EXERCISE PROMPT
Output the data unchanged and complete, minus the images.

DATA PROVIDED
····················
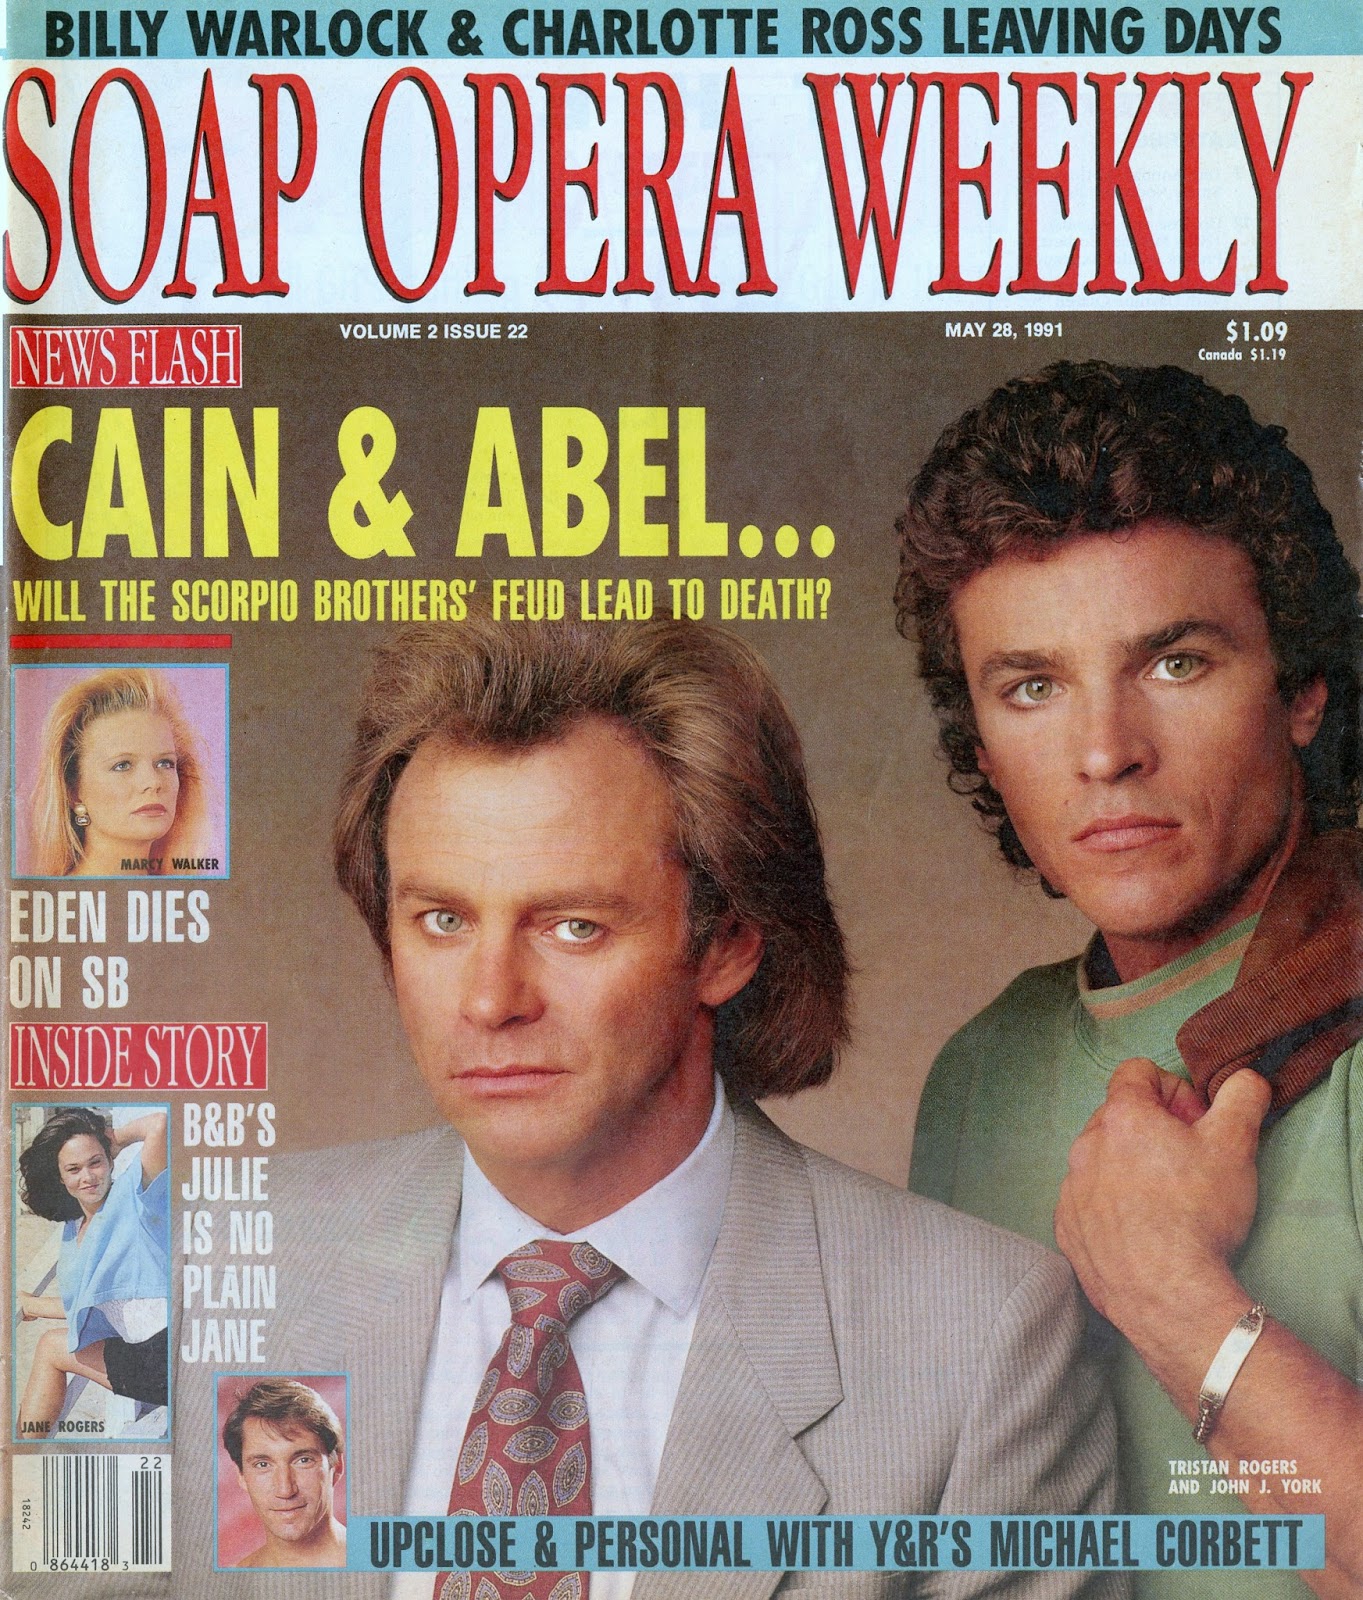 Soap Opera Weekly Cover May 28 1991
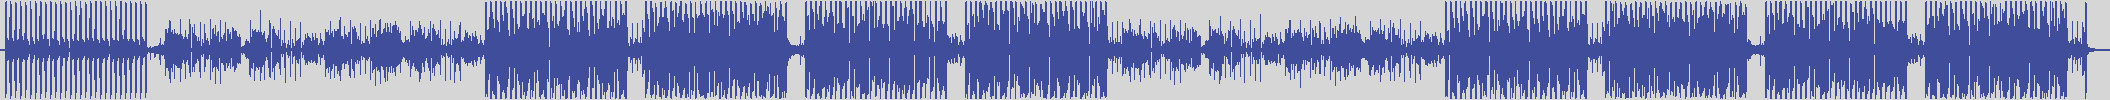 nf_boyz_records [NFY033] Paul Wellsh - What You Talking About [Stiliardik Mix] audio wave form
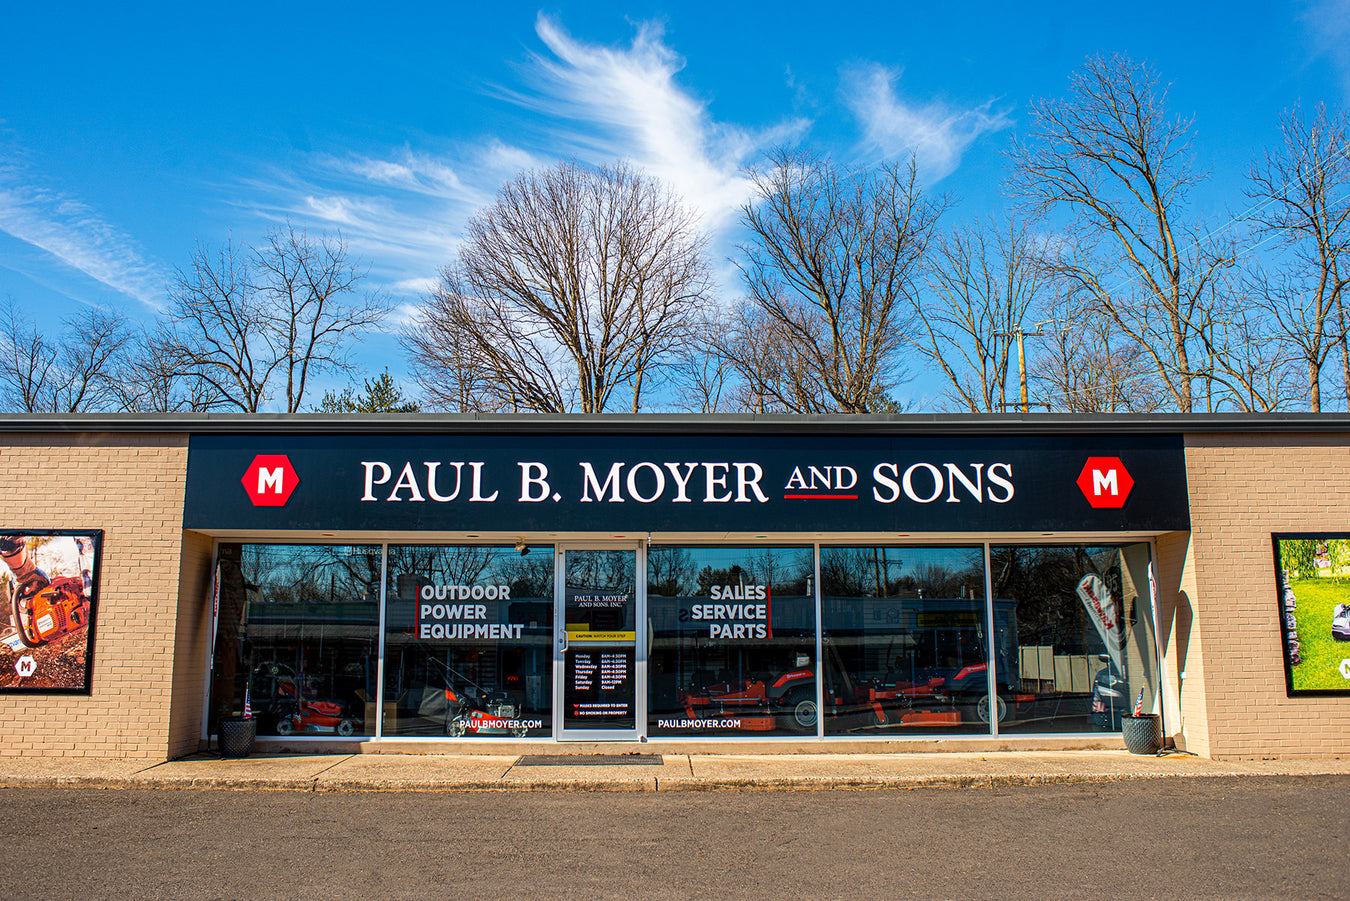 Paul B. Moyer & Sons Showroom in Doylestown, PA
····················
TASK OUTPUT
 Soap Opera Weekly Cover May 28 1991
 nf_boyz_records [NFY033] Paul Wellsh - What You Talking About [Stiliardik Mix] audio wave form
 Paul B. Moyer & Sons Showroom in Doylestown, PA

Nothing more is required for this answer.